All the lines below need to be output exactly, apart from any images.

Data provided:
== Segment start ==
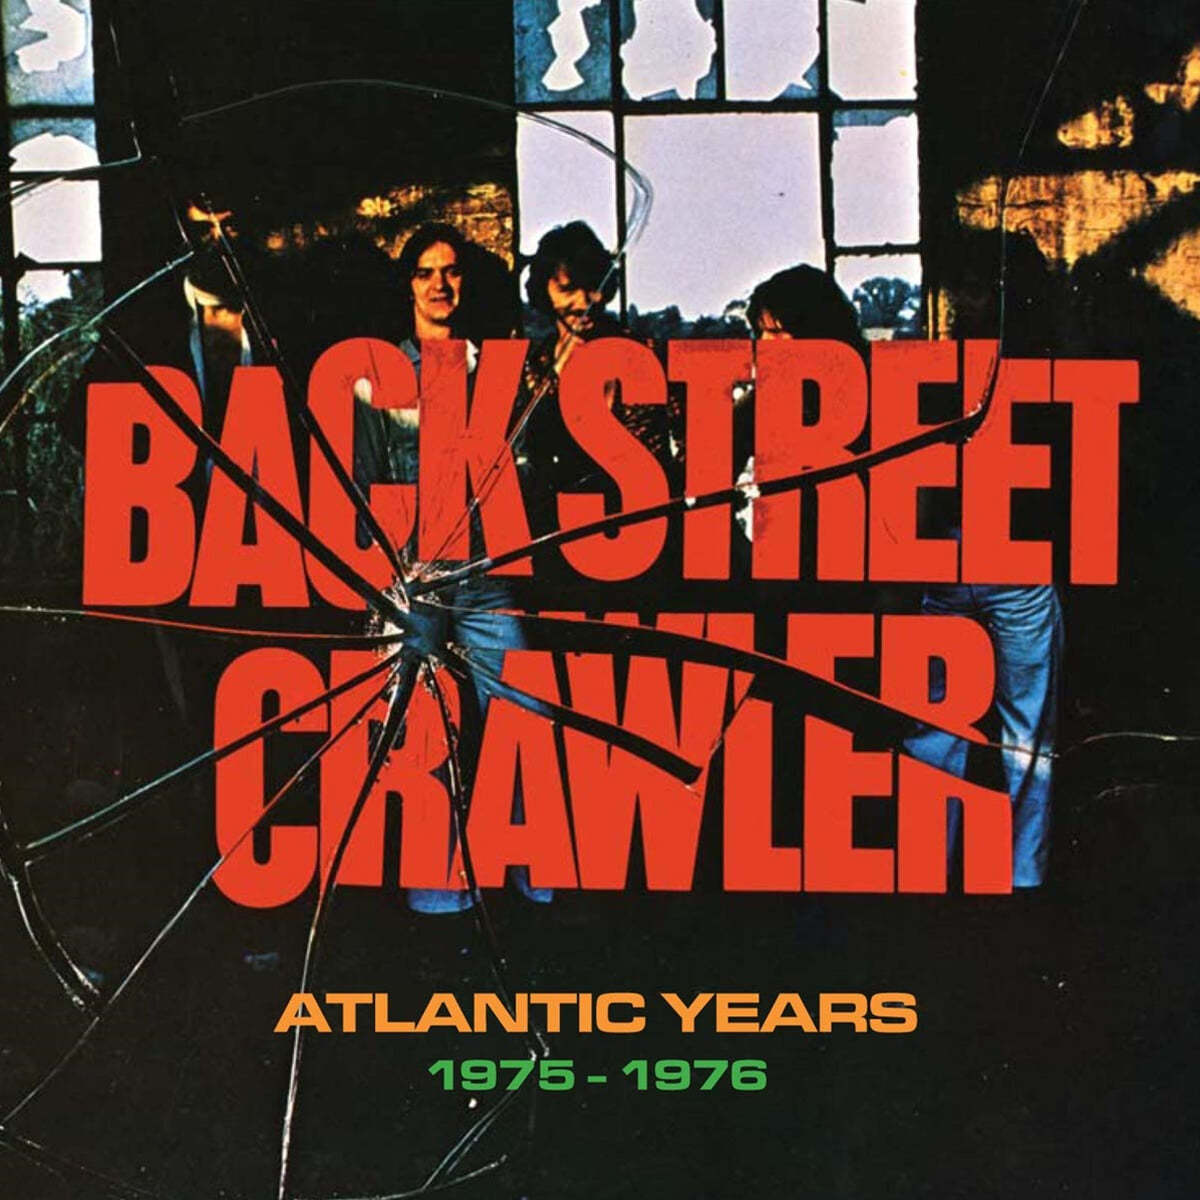 Back Street Crawler (백 스트리트 크로울러) - Atlantic Years 1975-1976
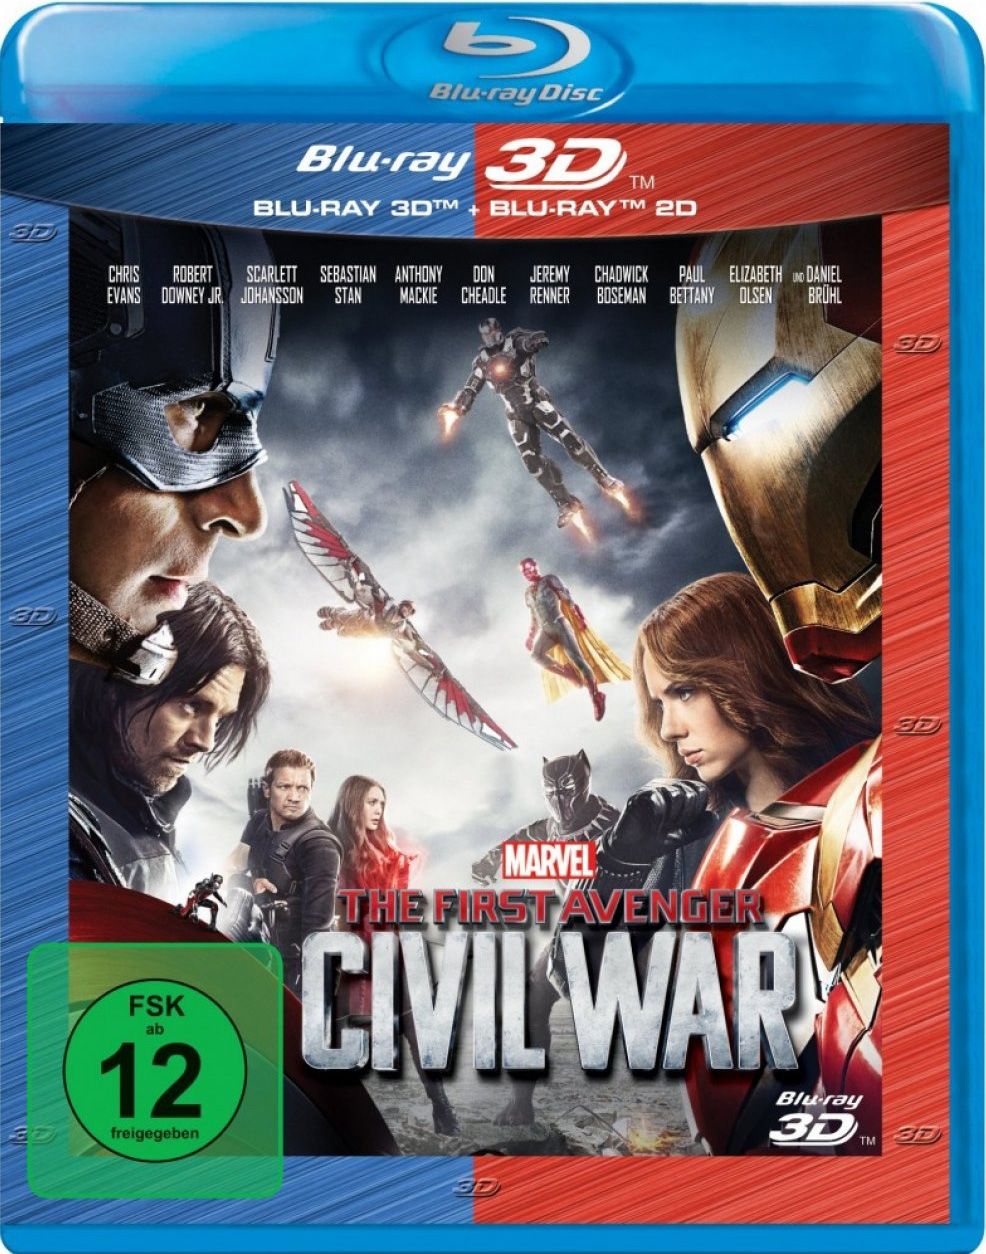 First Avenger 3D, The - Civil War (BLURAY 3D + BLURAY)
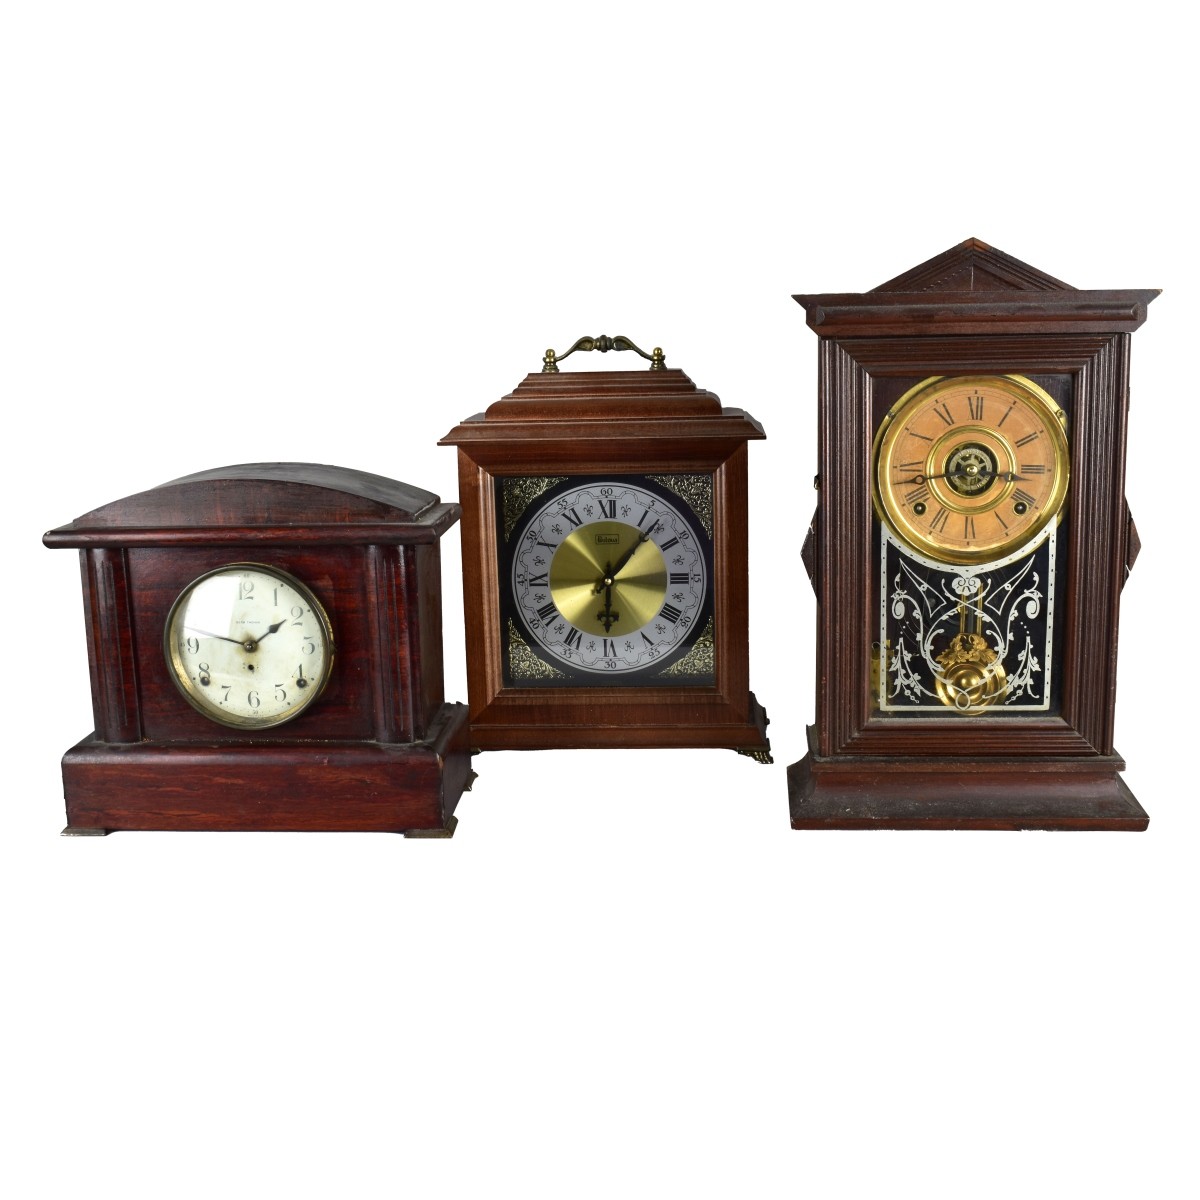 Three Antique Mantle Clocks
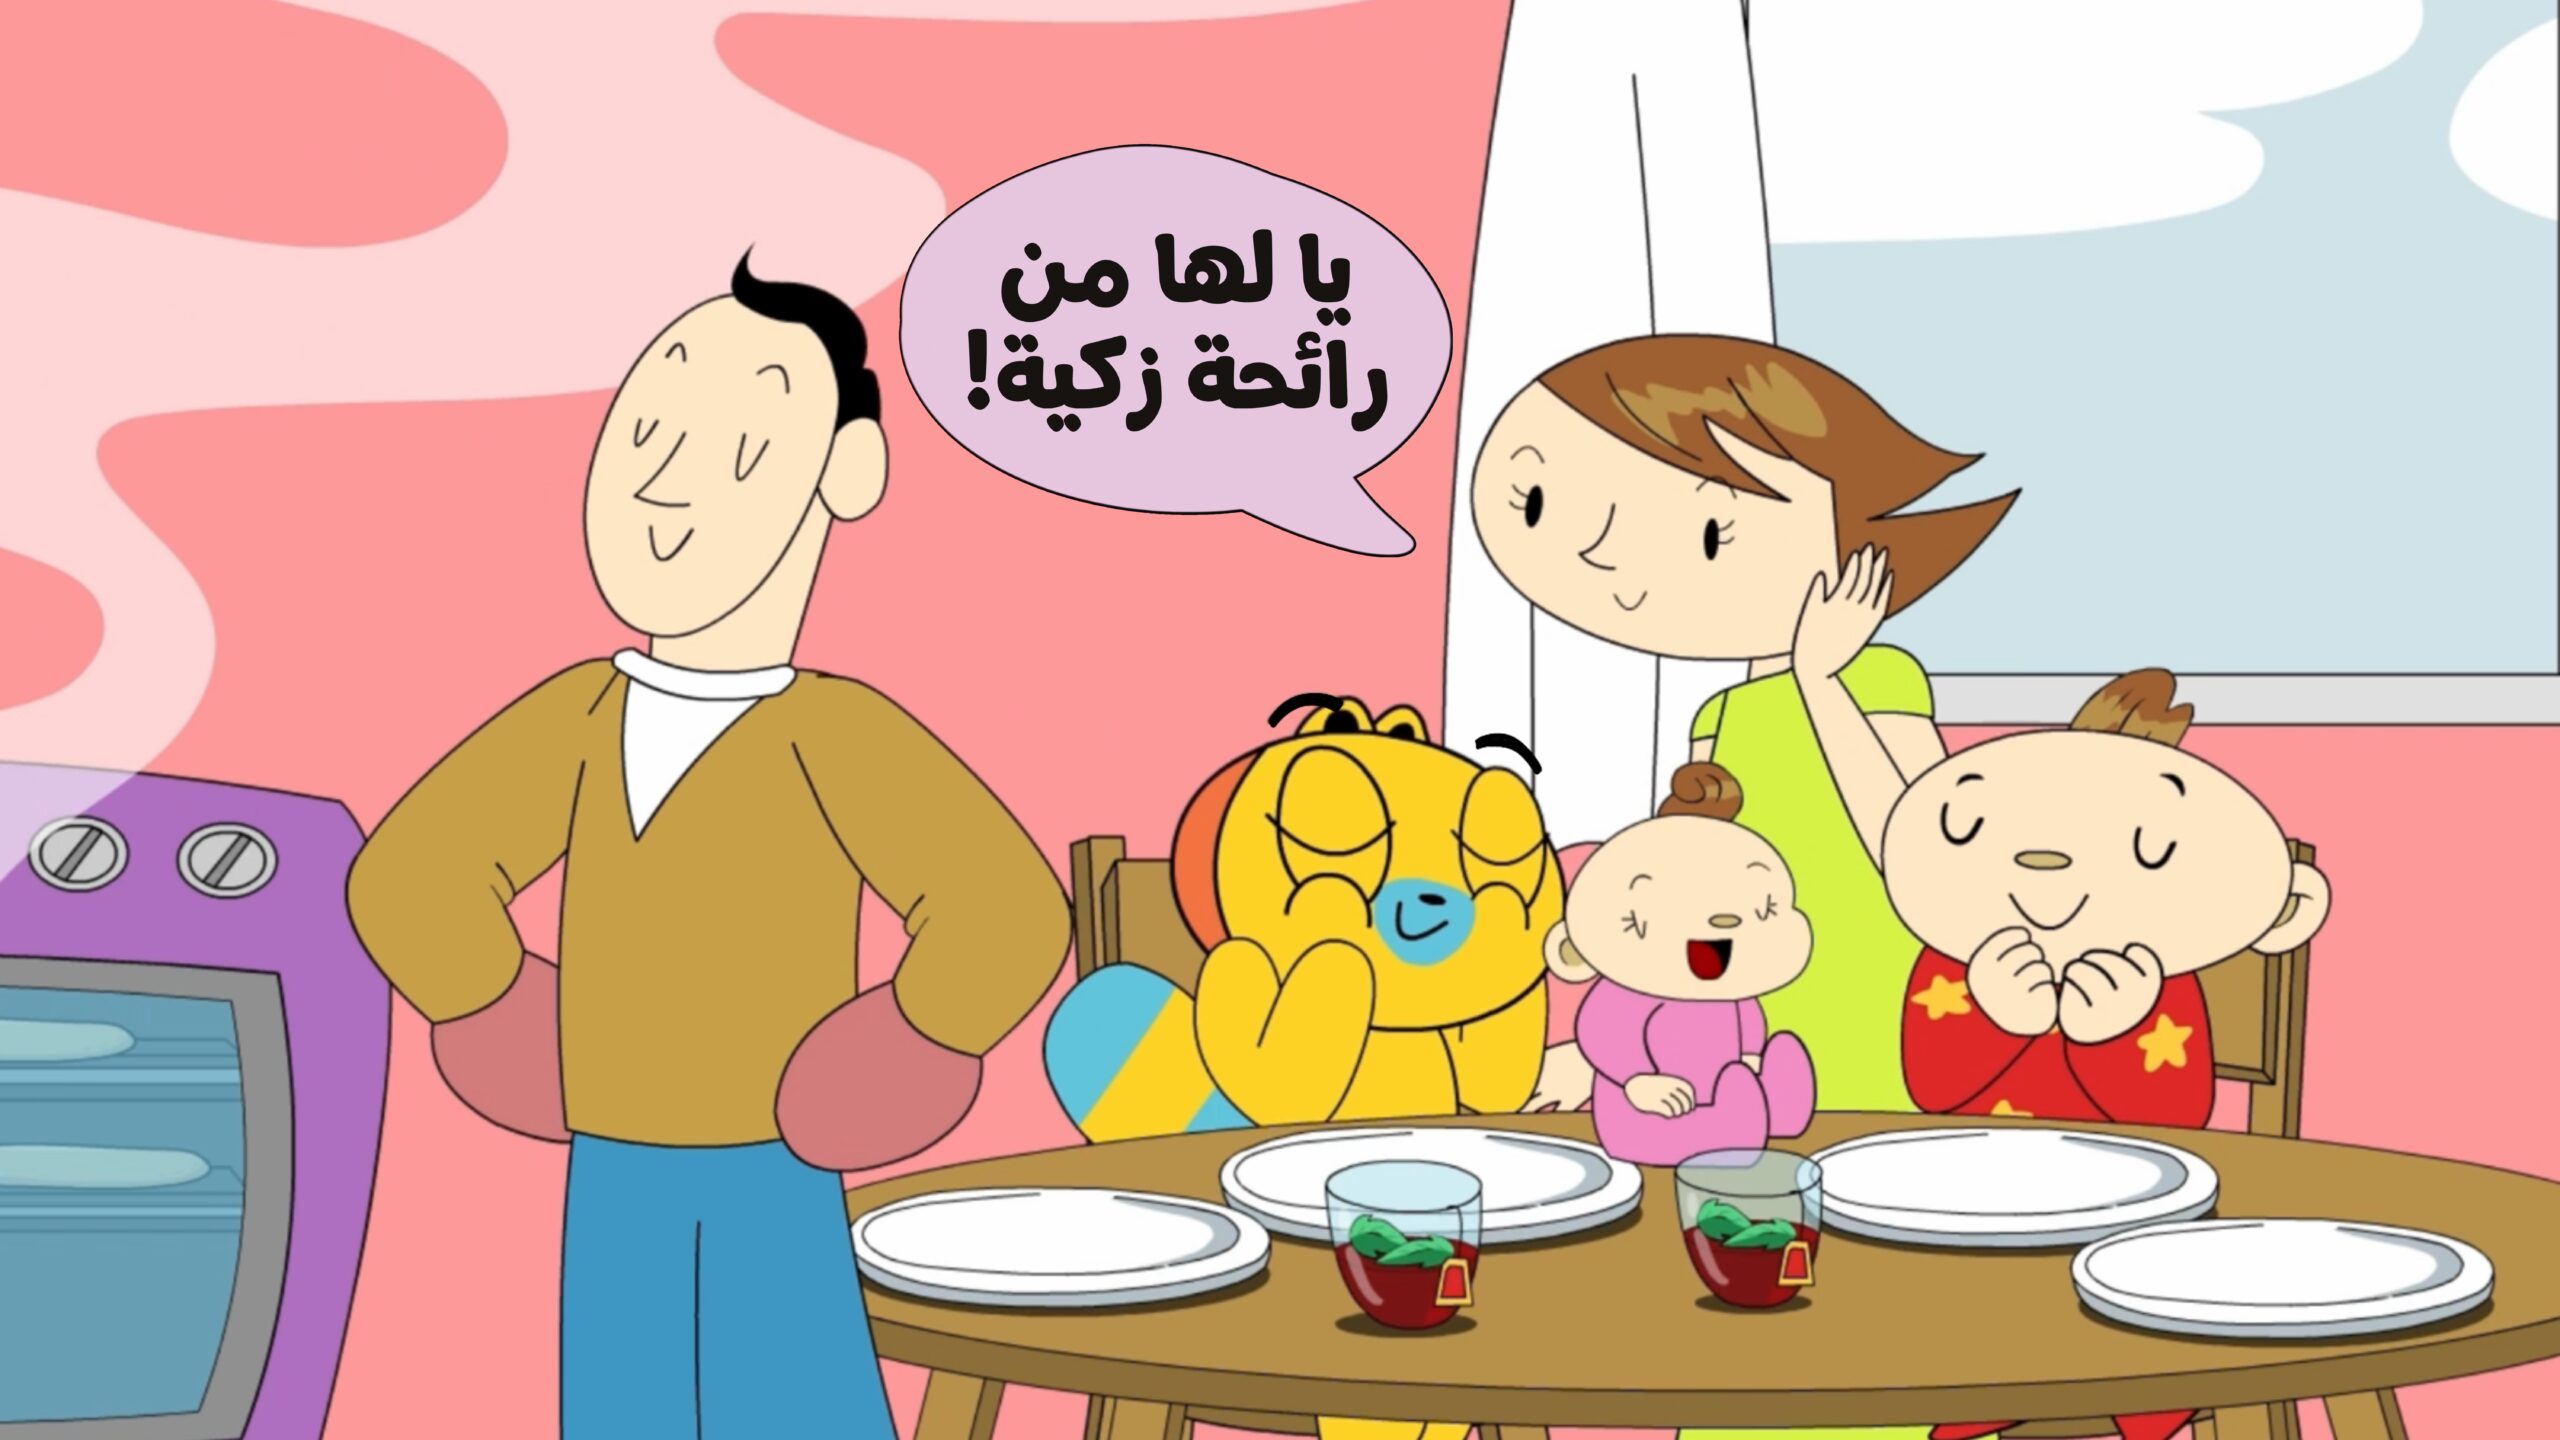 ٦ طرق لتعلم اللغة العربية من خلال جعلها جزءا من حياتك اليومية
== Segment end ==
Answer for the task:
 Back Street Crawler (백 스트리트 크로울러) - Atlantic Years 1975-1976
 First Avenger 3D, The - Civil War (BLURAY 3D + BLURAY)
 Three Antique Mantle Clocks
 ٦ طرق لتعلم اللغة العربية من خلال جعلها جزءا من حياتك اليومية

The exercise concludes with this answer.